If these gems had been classified Crown jewellery they would have been automatically returned to the Buckingham Palace but according to Suzy Menkes neither item can be classed Crown property or a state piece. It is possible that the Queen reclaimed them as family heirlooms but it is more likely that they passed to their two grandchildren since according to Diana's letter of wishes all her jewellery should go the future spouses of the two princes.
So, what lessons can be learnt from Diana's unsealed will about the financial side of royal succession? The first thing that happens when a royal does not seal a will is that the full extent of his or her wealth becomes public knowledge and thus, a target for public criticism. When Diana's multi-million fortune was revealed, The Independent newspaper immediately asked "why does her pre-tax estate amounting to £21,711,486 not include a single penny for charity…surely this generous caring princess who devoted so much of her life to helping charitable causes could be accused of being heartless or mean?"32 This is exactly the accusation that was soon made by Peter Tatchell, the gay and human rights activist, in another publication: "she was happy to do charity work for people with AIDS providing it didn't cost her anything. But when it came to parting with her own money she chose to keep it in her already super-rich family, rather than share it with those in need."33
The last line might be less than charitable in sentiment but it does point to a fundamental truth about royal succession: the wealth stays in the family. In the end - despite her letter of wishes - Diana left almost everything to her sons. The overriding fear of all rich families - whether royal, aristocratic or landed gentry - is that their wealth will be salami-sliced by outsiders. This was the unvoiced concern during the negotiations over Diana’s divorce settlement with Buckingham Palace fearful that if Diana married again some of the Crown jewellery and family heirlooms might pass to a commoner or someone unsuitable. Similar worries were expressed during the abdication settlement of Edward VIII when there was a possibility that Wallis Simpson might end up with some of the family jewels.

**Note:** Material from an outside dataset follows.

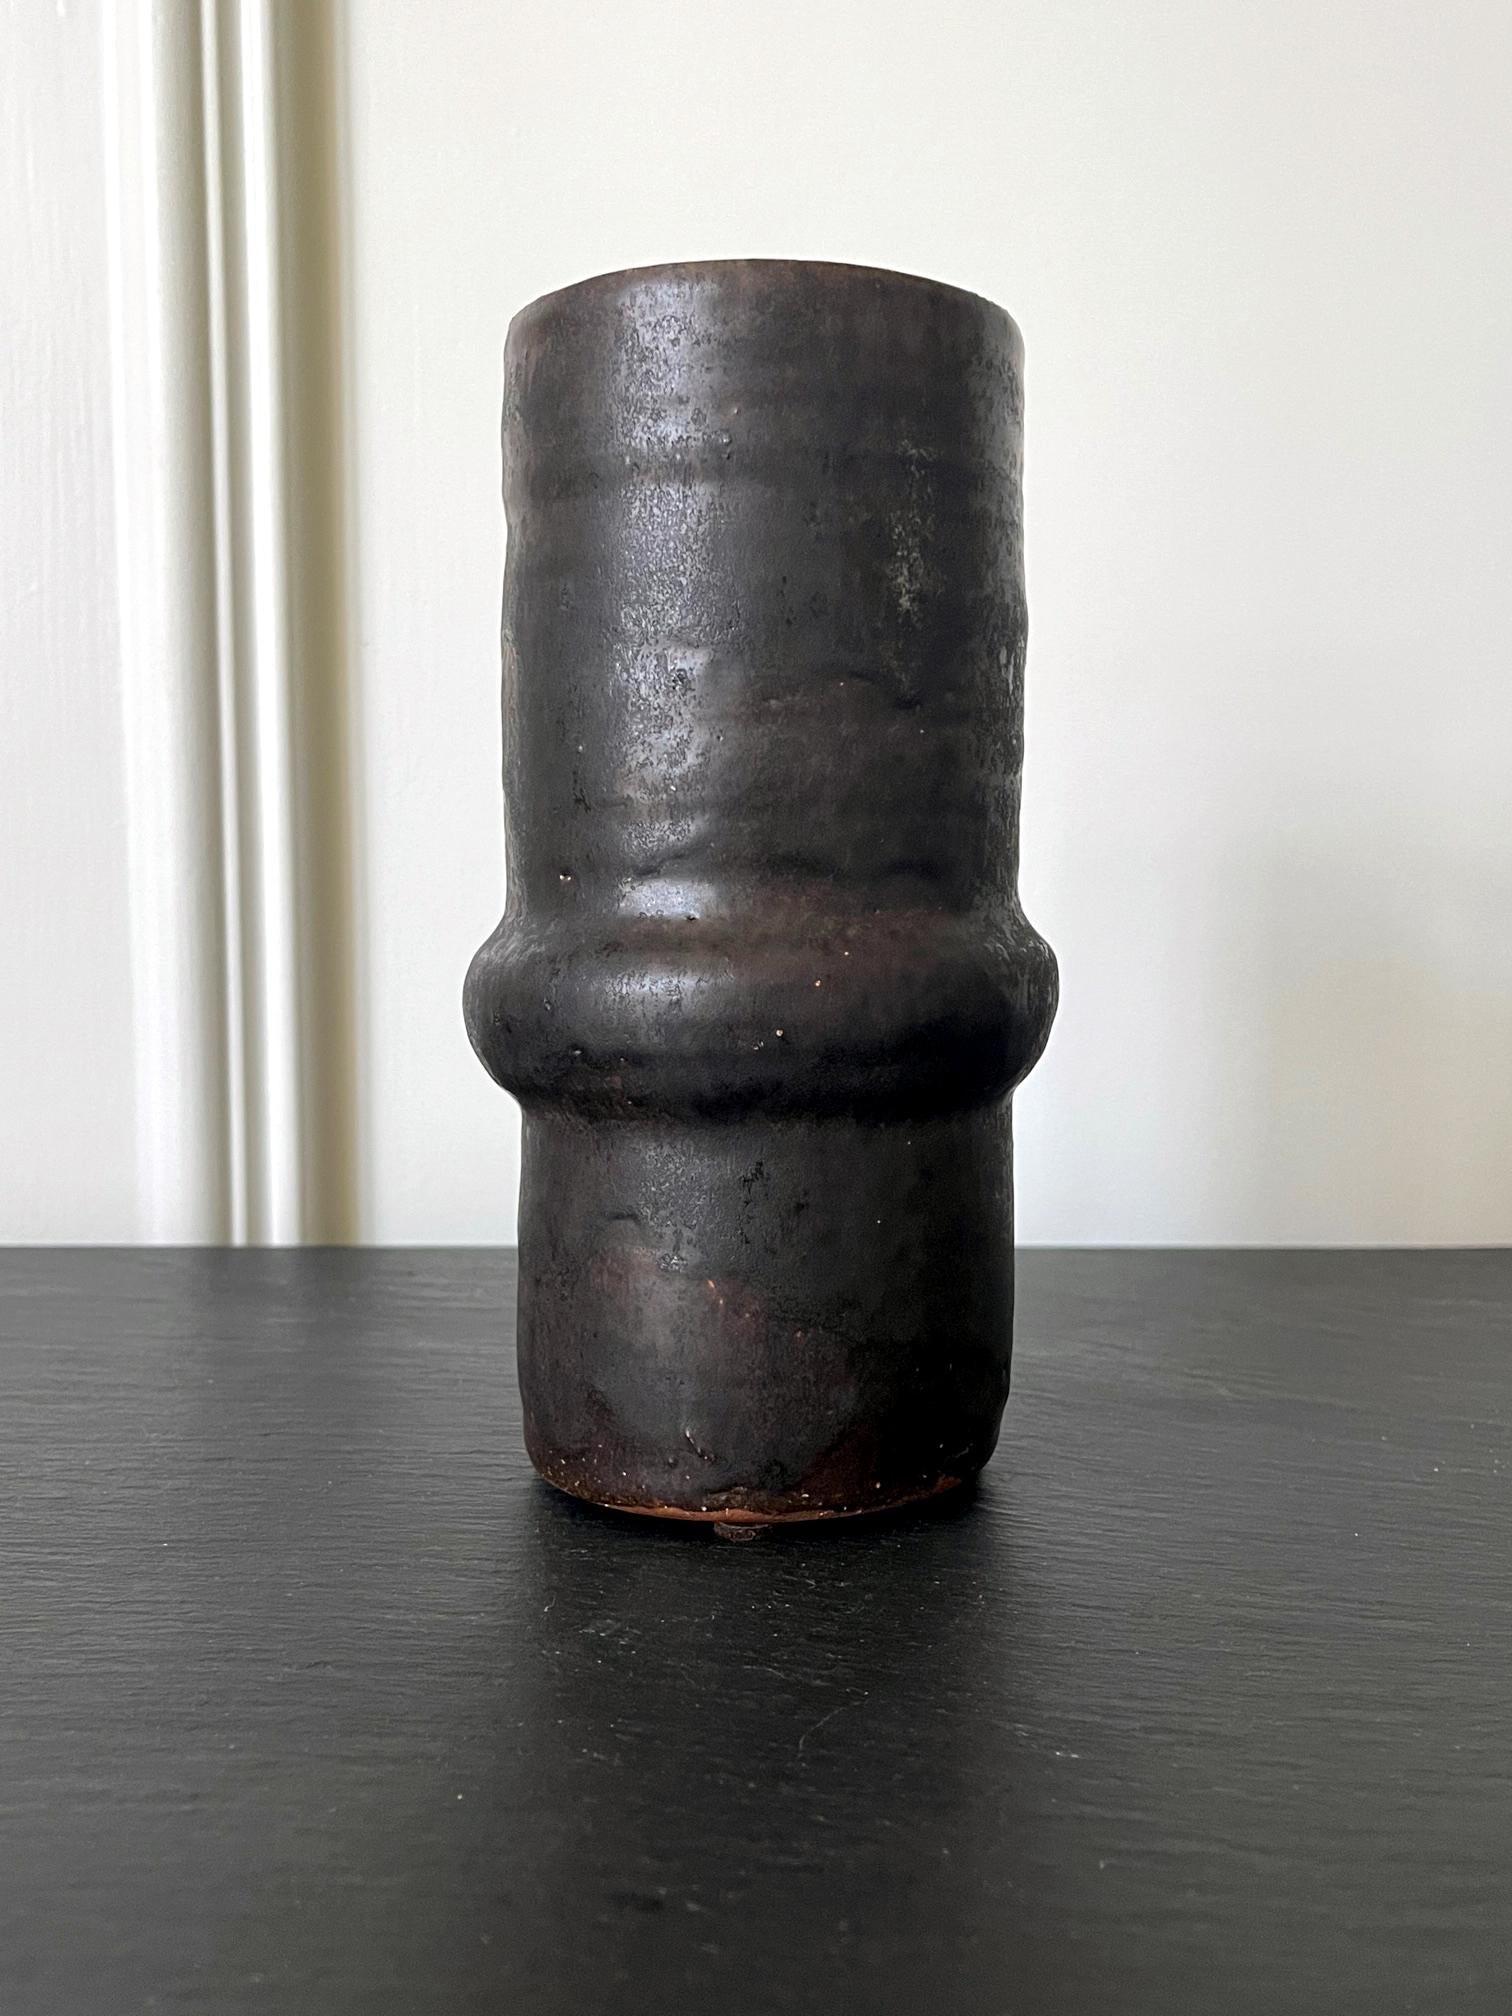 Vase en céramique de l'artiste et potier d'atelier américain Beatrice Wood (1893-1998). Cette pièce, datant des années 1980, a une forme de colonne avec un petit anneau bombé à mi-corps. Très géométrique et moderne dans son aspect minimaliste, le
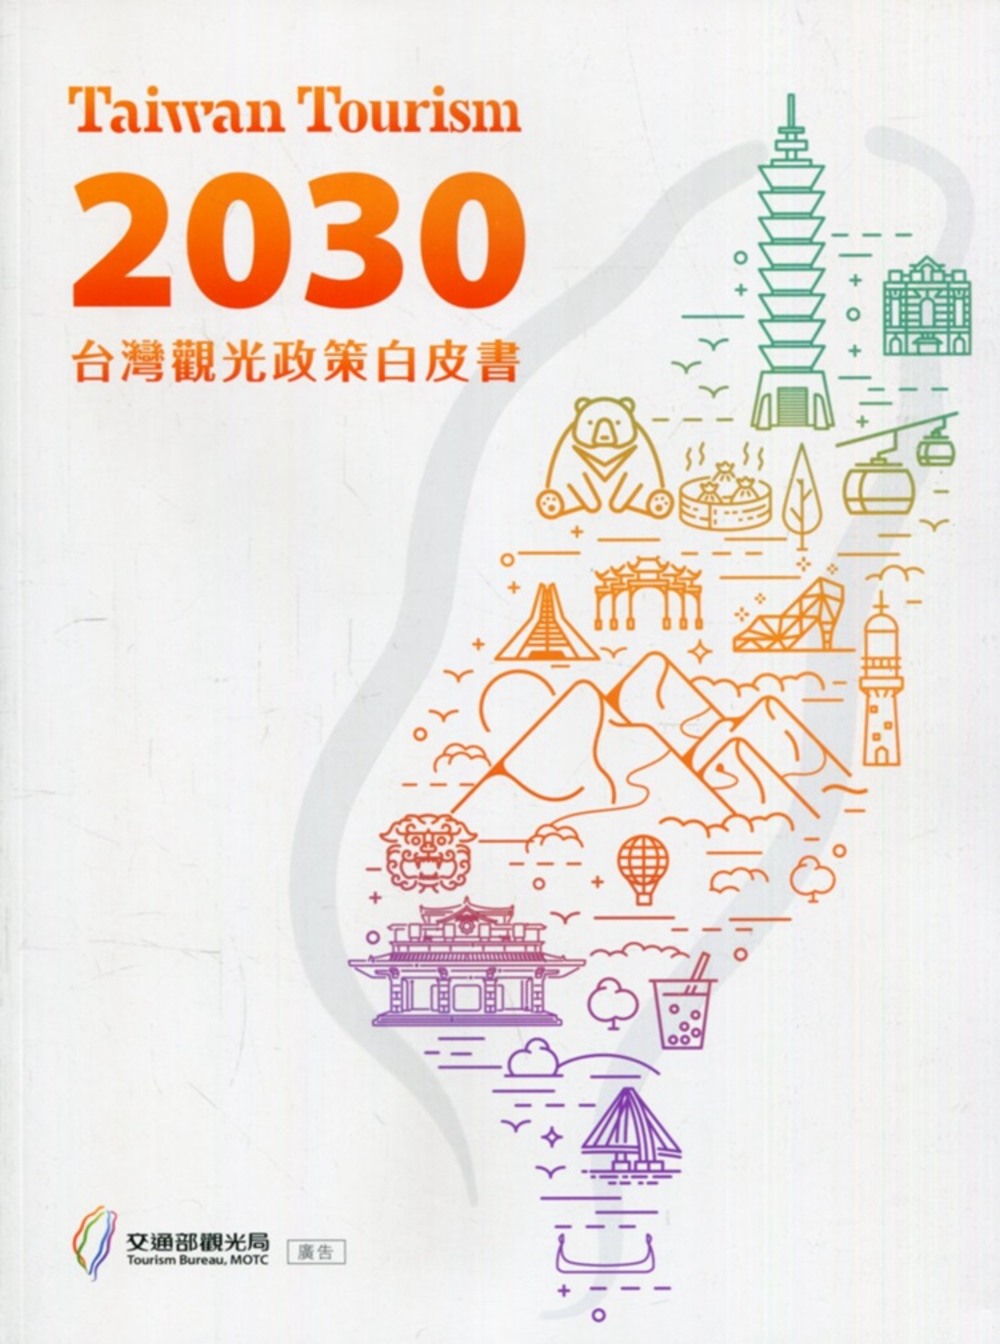 Taiwan Tourism 2030 台灣觀光政策白皮書

Full disclosure of royal wealth also brings with it a massive inheritance tax bill. Here it might be instructive to compare Princess Diana’s will not with Princess Helena Victoria's open will but with Princess Margaret's closed one. The two princesses were once close friends and neighbours in Kensington Palace and both were renegade royals who flouted convention in their social life. But while Margaret planned meticulously for her death, Diana's foresight did not even extend to wearing a car seat belt that would have saved her life. Consequently Diana's two children paid £8.5 million in tax and Margaret's two children paid £2 million.
A significant slice of the tax liability - perhaps as much as £5 million - applied to the value of the chattels. As we shall see in the next chapter, the executors (and possibly HM Revenue and Customs) were reportedly relatively conservative in their valuation of Margaret's assets underestimating the added value of the assets’ royal provenance that later became apparent when they were sold at auction. Diana's estate was not so lucky. A year after her death, the Revenue reportedly began to challenge the executor's valuation. One report in The Times suggested the taxman thought that her possessions may have been "undervalued, with no account being taken of the higher prices they might face because of who she was,” although officials claimed that such a reassessment was common practice with large estates of this sort.34
Diana's estate also revealed the importance of letters of wishes in royal wills. As we saw with Helena Victoria's will it is a traditional method to conceal the names of beneficiaries but when it came to Diana's will all was disclosed because her executors needed to rebalance the distribution of chattels. If it had all gone to plan, we would never have known that Diana wanted a significant share of her chattels to go to such surprise beneficiaries as the son of Sir David Frost and the daughter of Dominic Lawson. As a second layer of secrecy, the device of a letter of wishes also shows that even if a royal will were made totally public there would be other methods of obfuscation available to the royal family.
From Diana's open will we can see that she used a trust to set aside money for her two children until they were grown up. Again this was inadequately done and the executors had to alter the will to establish a more tax efficient discretionary trust. Altering the will proved a costly business since extra legal help had to be brought in to represent the independent interests of the princes. When the full charges of the solicitors Boodle Hatfield were leaked to the press - a figure of £543,000 was first reported which apparently was knocked down to under £400,000 - there were predictable howls of outrage from the media and John Major was blamed for not exercising proper cost control. This was probably unfair as he worked unpaid and St James's Palace quickly emphasised that the Prince of Wales was very happy with his work for the boys. But once again public disclosure brought public censure.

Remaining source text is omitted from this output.